Why Deep Breathing Is Good for You

Deep breathing is a technique for relaxing that is gaining popularity thanks to the introduction of yoga and Buddhist meditation to the West. (Image: via  pixabay  /  CC0 1.0)
Deep breathing is a technique for relaxing that is gaining popularity thanks to the introduction of yoga and Buddhist meditation to the West. (Image: via pixabay / CC0 1.0)

One of the relaxing techniques explored in the West in modern times is deep breathing. This has been a regular feature of eastern spiritual traditions for a long time. The introduction of yoga and Buddhist meditation to the West is what brought deep breathing to American shores. Here are some of the reasons why you should practice deep breathing.

Benefits of breathing deeply

Most people are often stressed out after a day’s work. Deep breathing can help calm your nerves and relax your mind. When you are too stressed, your brain releases a hormone called cortisol. The benefit of this hormone is that it helps you deal with stressful situations efficiently.
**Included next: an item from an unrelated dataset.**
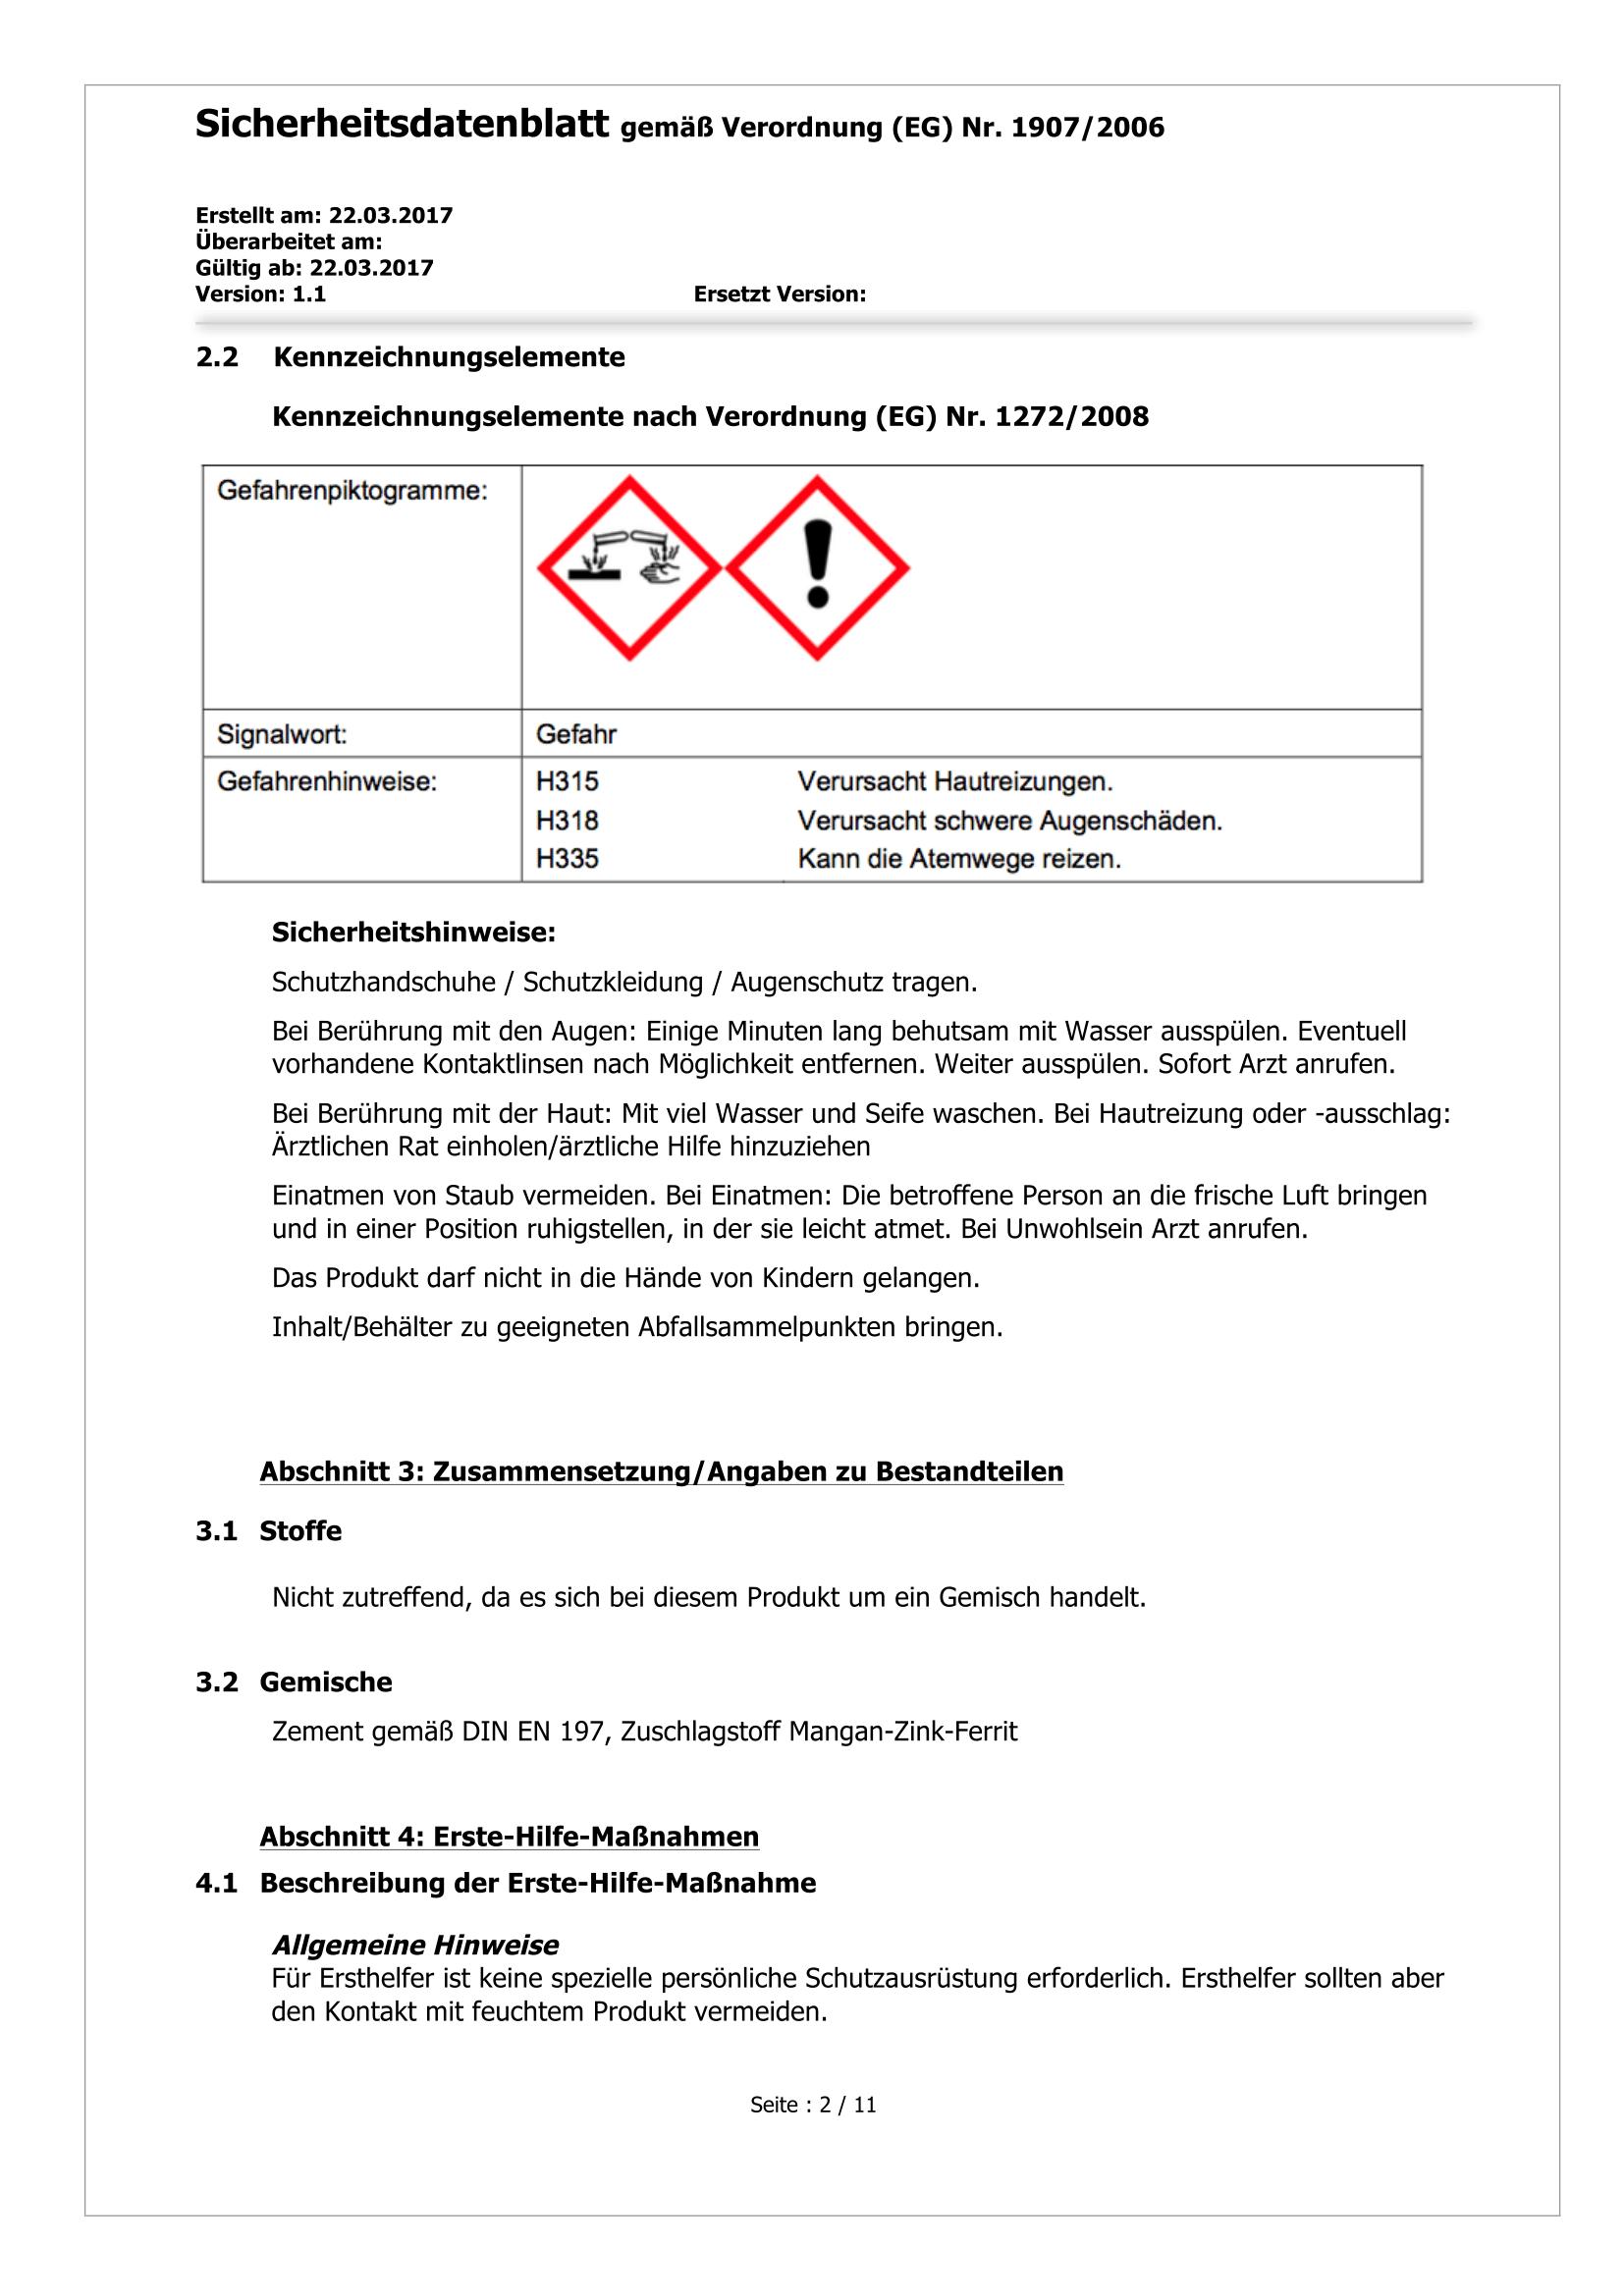 MSDB_MC40-02.png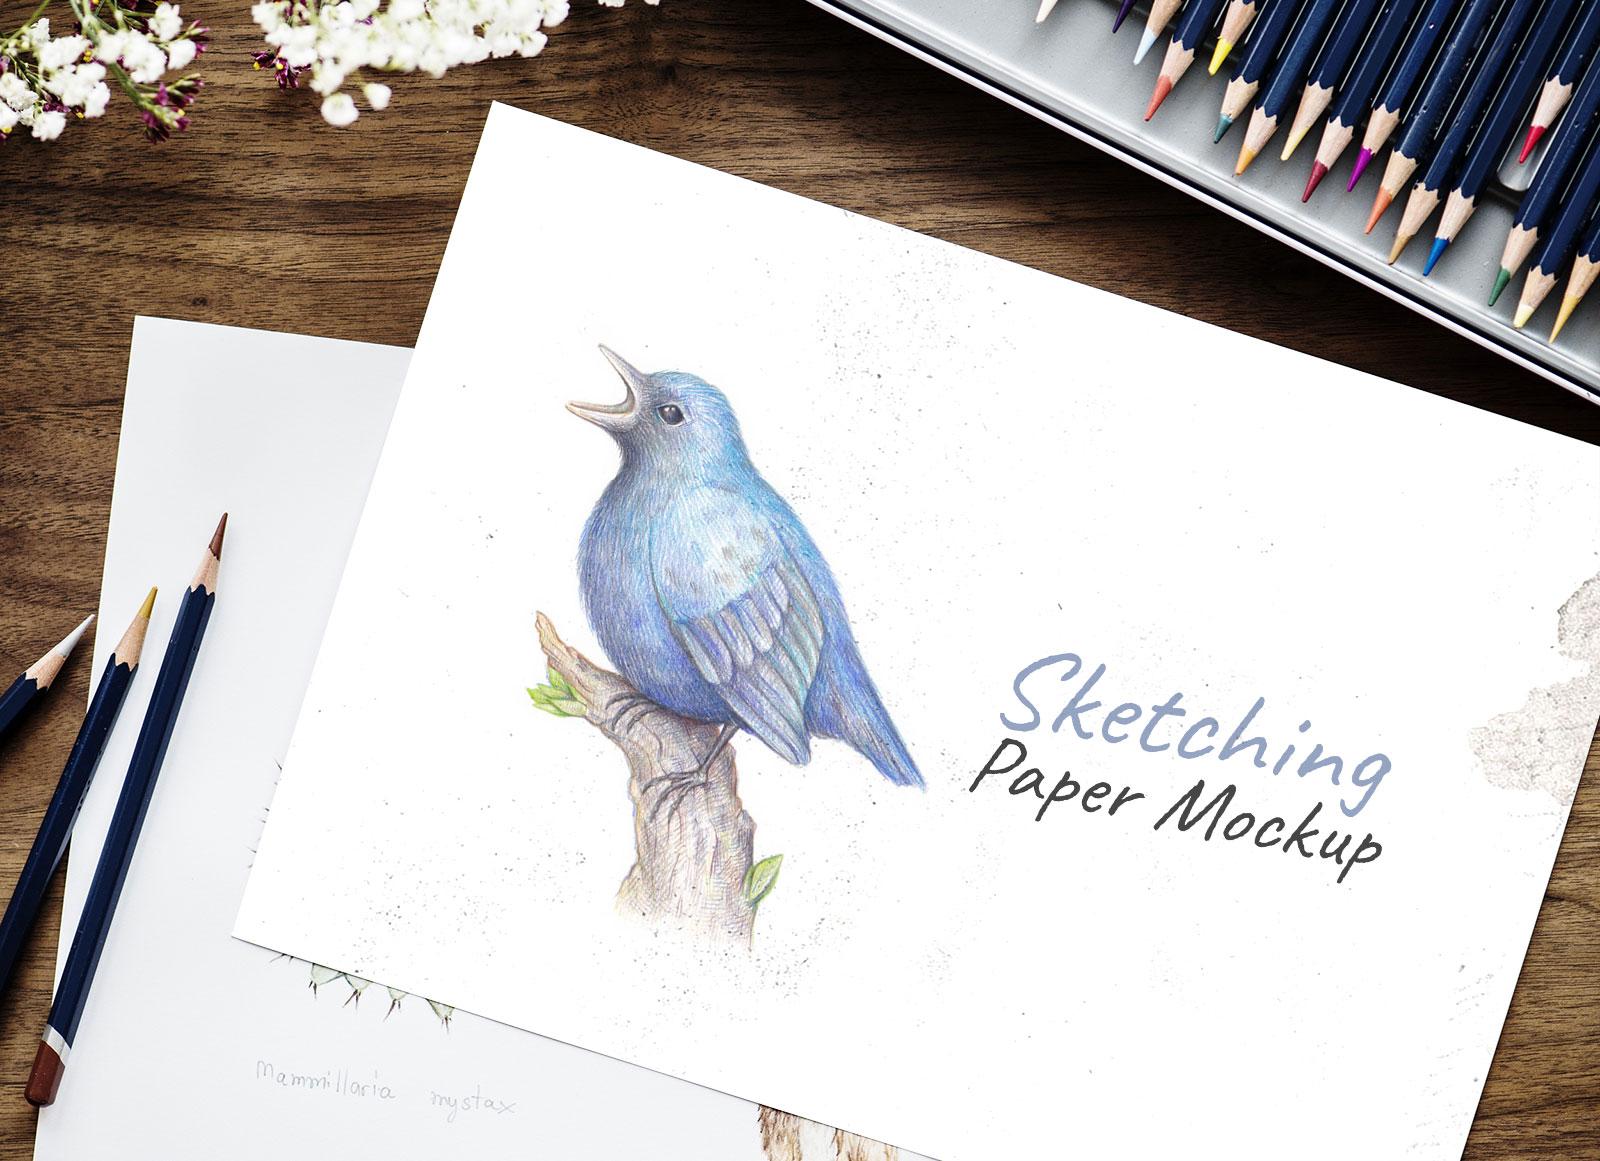 Free-Sketching-Drawing-Paper-Mockup-PSD-2

On the downside, too much of this hormone for too long a time can have negative consequences on your state of mind. Deep breathing slows down the heart rate and allows more oxygen to enter the bloodstream, signaling the brain to relax. In addition, deep breathing also releases a hormone called endorphin that makes you feel good and helps ward off stress.

(Image via pixabay / CC0 1.0)

Endorphins released by deep breathing make you feel good and help ward off stress. (Image: via pixabay / CC0 1.0)

Deep breathing plays a big role in detoxifying the body. “Breathing releases carbon monoxide… breathing is in charge of 70 percent of cleansing the body of toxins (the other 30 percent is through bladder and bowels.) If you do not breathe fully, your body must work overtime to release these toxins,” according to Urban Balance. Too much carbon monoxide in your system can cause dizziness, headaches, vomiting, and nausea. Since deep breathing brings more oxygen to the blood cells, the body metabolizes vitamins and nutrients in a better way, strengthening the immune system. The increased oxygen supply also aids in the development of muscle tissue.

While performing deep breathing, the movements of the diaphragm massage internal organs like the stomach, liver, small intestine, pancreas, and the heart. A study on heart attack survivors found that those who adopted a deep breathing regimen saw a 50 percent decrease in the risk of another heart attack over the following 5-year period. Another study on heart attack patients discovered that 100 percent of the patients were chest breathers whose breathing patterns had little belly or diaphragm expansion.

People with digestive issues should consider deep breathing since the activity encourages blood flow in the digestive tract, boosting intestinal action. This ends up improving digestion, reducing issues like constipation and irritable bowel syndrome. Plus, the calmer nervous system also enables optimal digestive activity.

If you have been trying to maintain a youthful appearance, deep breathing can be an aid. Since the activity combats stress and increases the secretion of anti-aging hormones, minimizing the signs of old age becomes easier. A 2013 study found that those who meditated every day for 4 years had longer telomeres, which are protective caps that are found at the end of chromosomes. Having longer telomeres means that there is less chance of premature cellular aging.

(Image via pixabay / CC0 1.0)

If you have been trying to maintain a youthful appearance, deep breathing can be an aid. (Image: via pixabay / CC0 1.0)

Deep breathing technique

One of the most popular deep breathing techniques is the 4-7-8 breathing that has its roots in the yogic practice of pranayama. To perform this, start by sitting or lying down in a position that feels comfortable. Your eyes can be closed or open. However, closed eyes are preferable. Have the tip of your tongue touch the roof of the mouth.

Inhale through the nose until the count of 4. Next, hold the breath for 7 counts. And in the final step, exhale very slowly so that it takes 8 counts to reach the bottom of your breath. Repeat this process for 4 full breaths in the initial stages. When you are experienced in this, you can start practicing the technique for up to 8 breaths.